Grace and Remembrance
And the God of all grace, who called you to his eternal glory in Christ,
after you have suffered a little while,
will himself restore you and make you strong, firm, and steadfast.
1 Peter 5:10
It is the fourth anniversary of my mother’s passing. I still miss her—every single day. A month after her memorial my husband and I travelled to Hawaii and stayed with friends on Kauai. We celebrated Thanksgiving on the beach, surfboards as our table. I took my chair down to the water and set it up so the waves would crash against my legs, and I thought of the washing of God—his grace washing the pains of grief and loss—waters of life flushing through me as the waves came rushing in.

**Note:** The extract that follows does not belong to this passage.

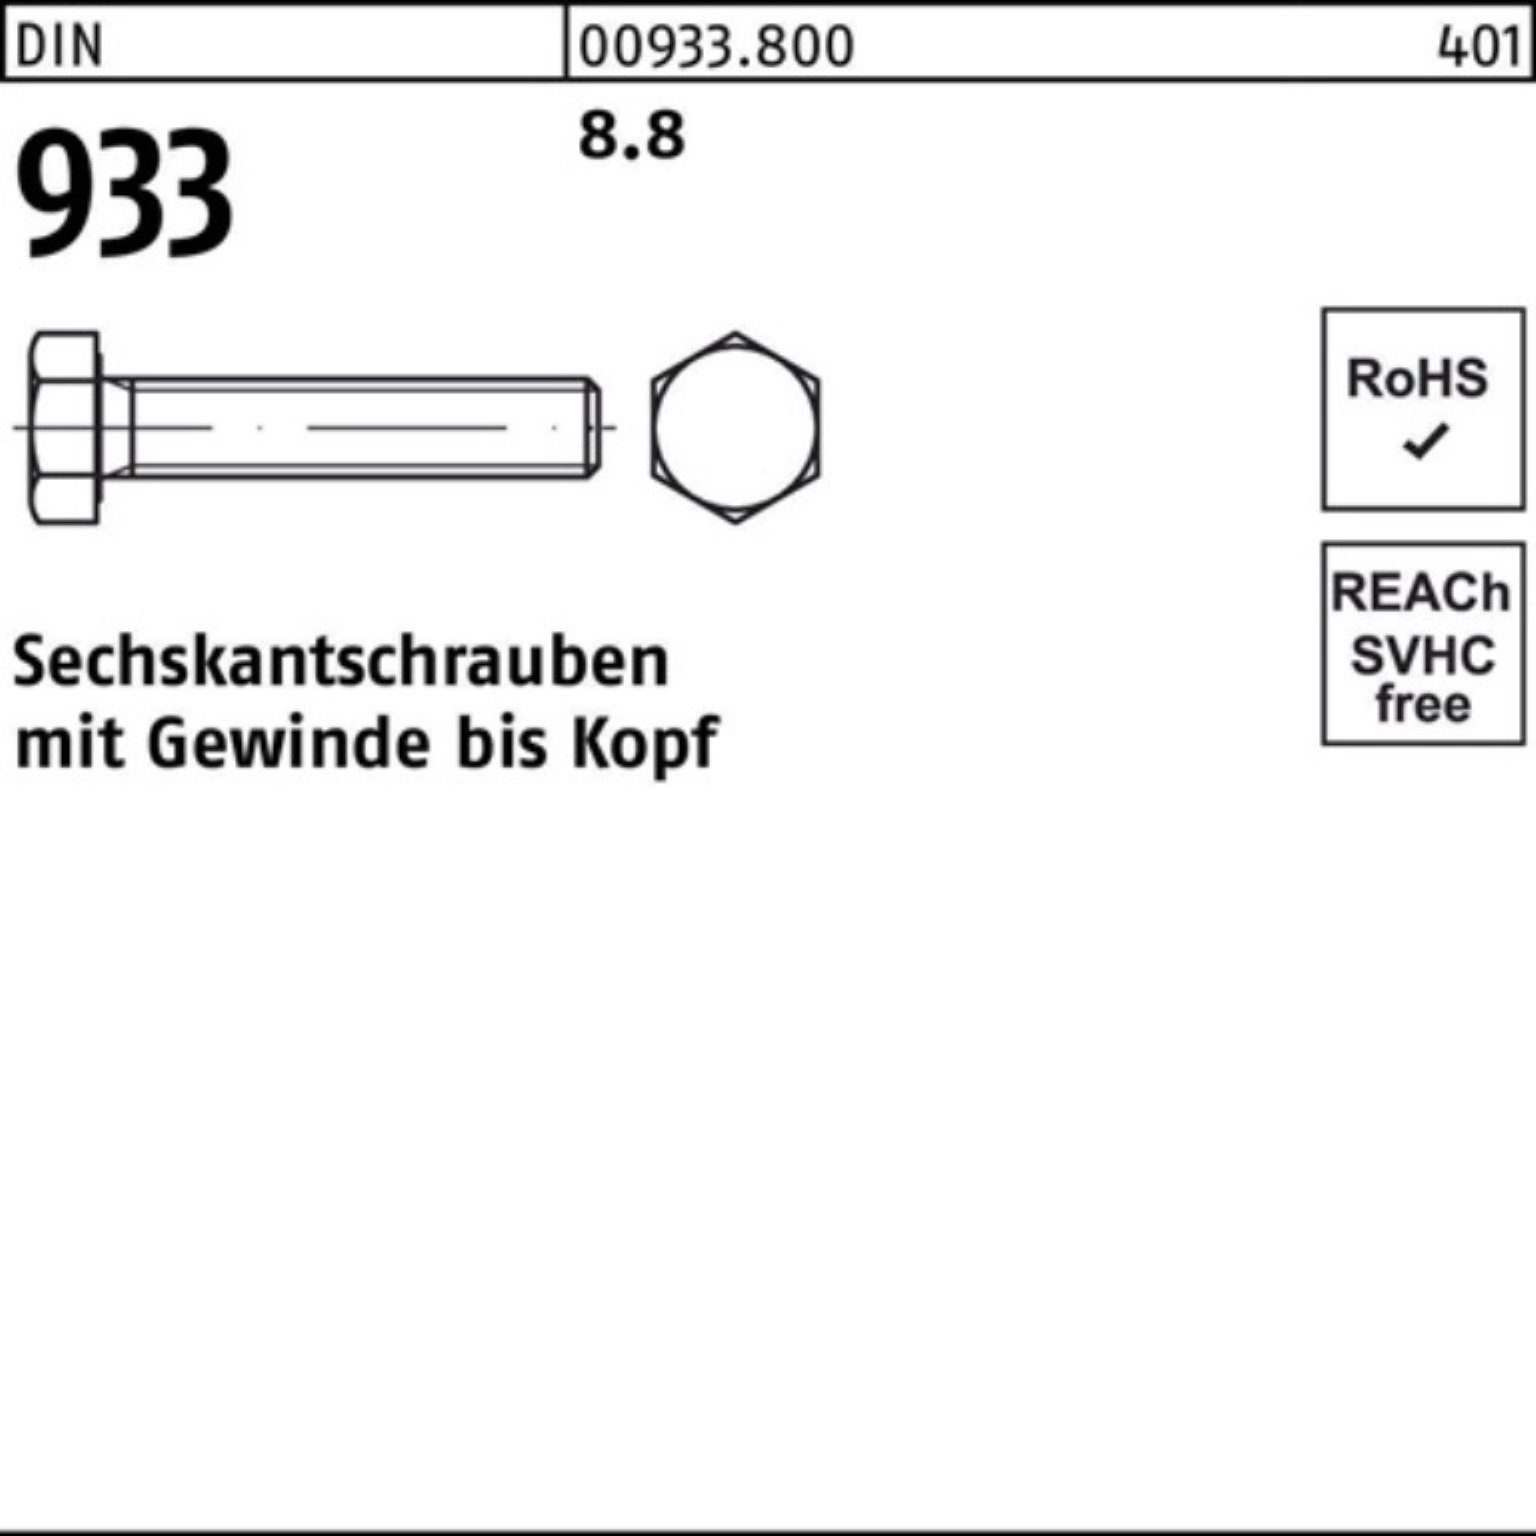 Reyher Sechskantschraube 100er 933 Stück 10 65 8.8 DIN Pack Sechskantschraube M27x DIN VG 933

So many emotions ran through me that afternoon. Memories, some good, some bad, some painful and some joyful. I let the tears flow freely.
I sat in the water that day and let the grace of God flow; but what if I stood and just jumped in, letting myself be swept over by his infinite sea of love and forgiveness. Yes, we can stand on the shore and just admire God from a distance—but in it we are swept and tumbled, and maybe upside down for a bit. Maybe even your breath is caught—things lost—the losing of yourself. But everything—everything becomes washed, rinsed in the blood of Christ. I thought that day of everything I tend to hang onto and what must be let go of.

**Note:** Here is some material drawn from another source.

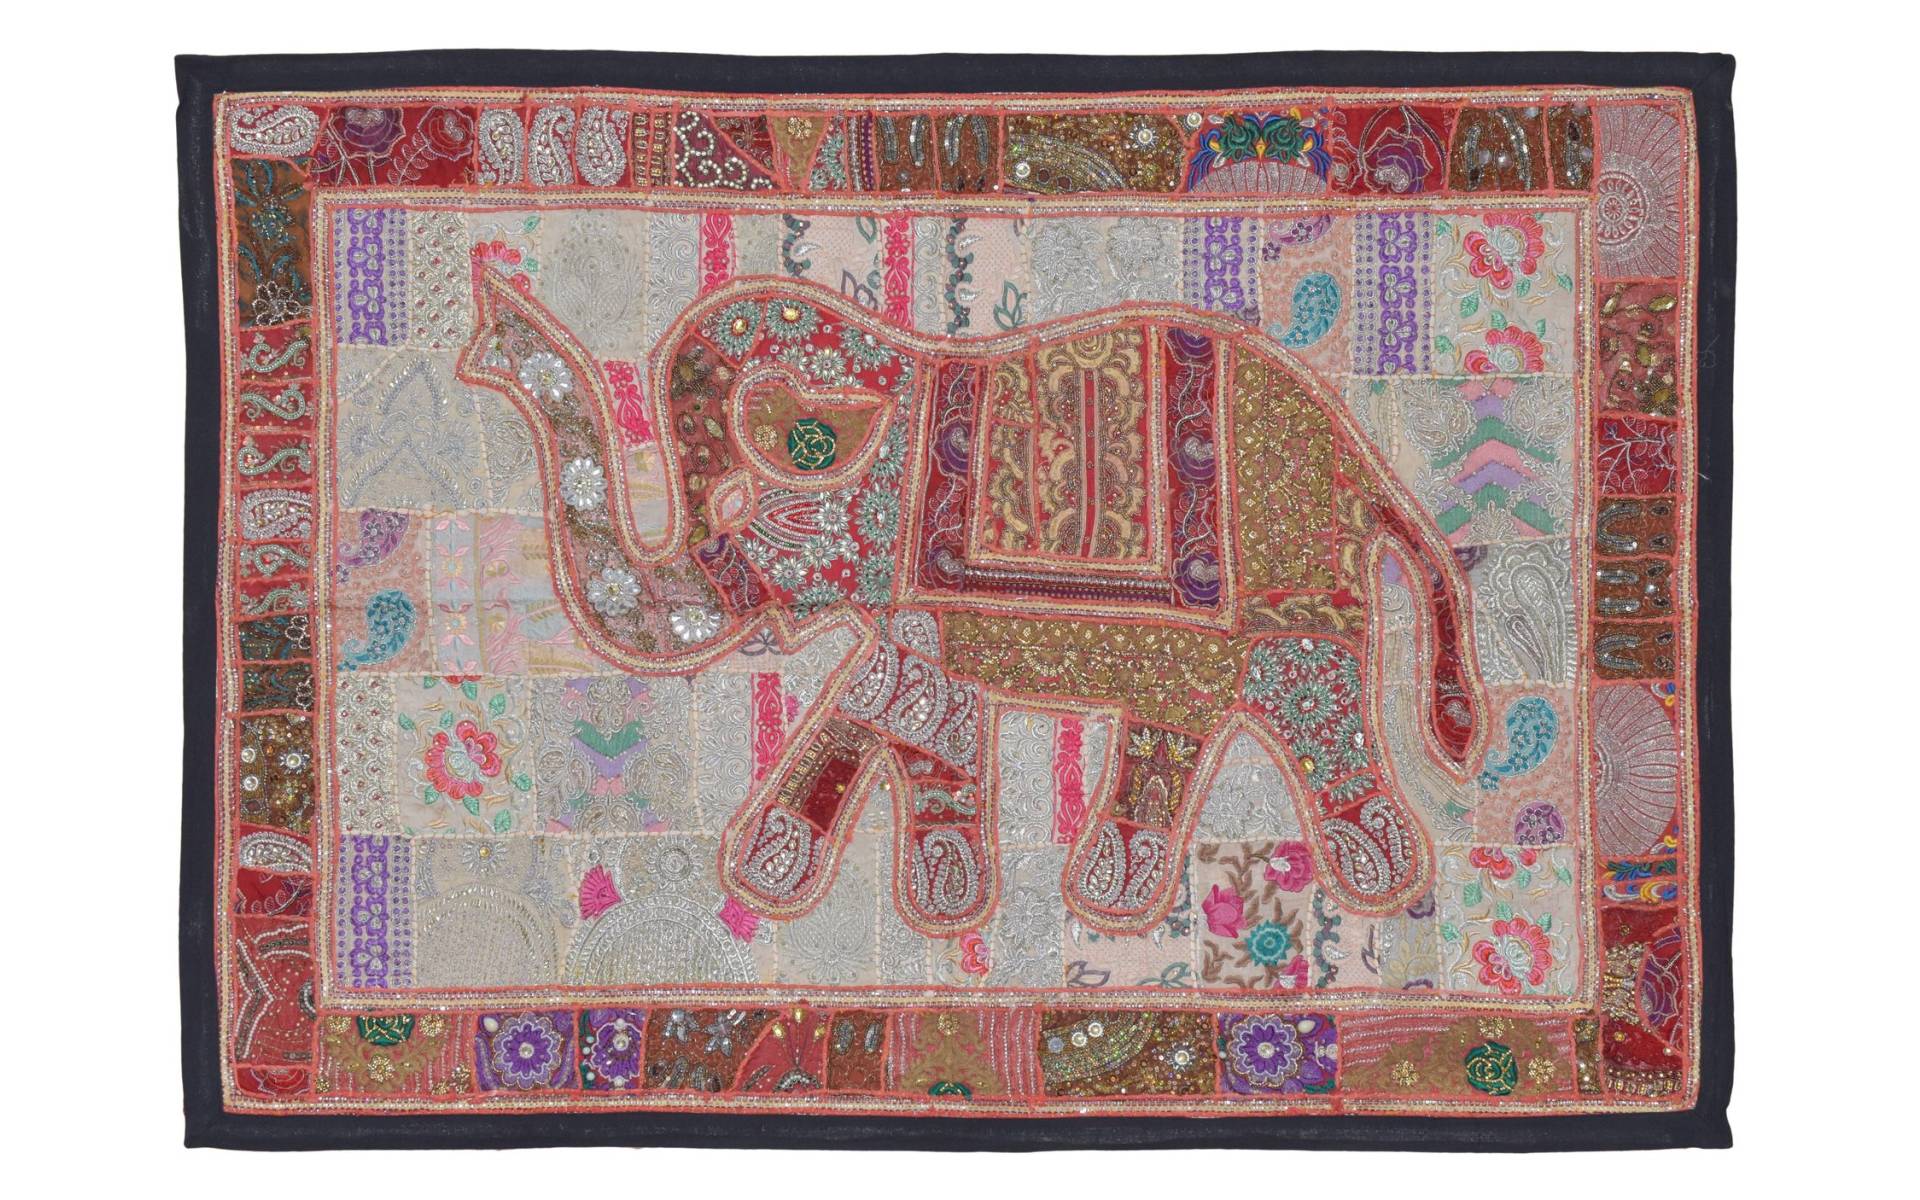 Patchworková tapiséria z Rajastanu, ručné práce, vínový slon, 148x104cm

The infinite love of God can be capsizing, the ocean your own tears. Tenderly my husband and our friends, would come and check on me, asking if everything was okay. I found myself telling them, “It’s OK. Really I was fine.” But not really, because in that moment of lose I was broken and didn’t know which way was up. I was tumbled in an ocean of sorrow.
What I know from that time in my life and the continuing days since is that the mercy of God upends you and you come home humbled, grateful, born again into the deep love of God.
O LORD, thank you for washing, rinsing, gracing, and loving your people through the storms of life. May we not just stand on the shore of your mercy and admire you, but jump right into the depths of your love. In Christ, Amen.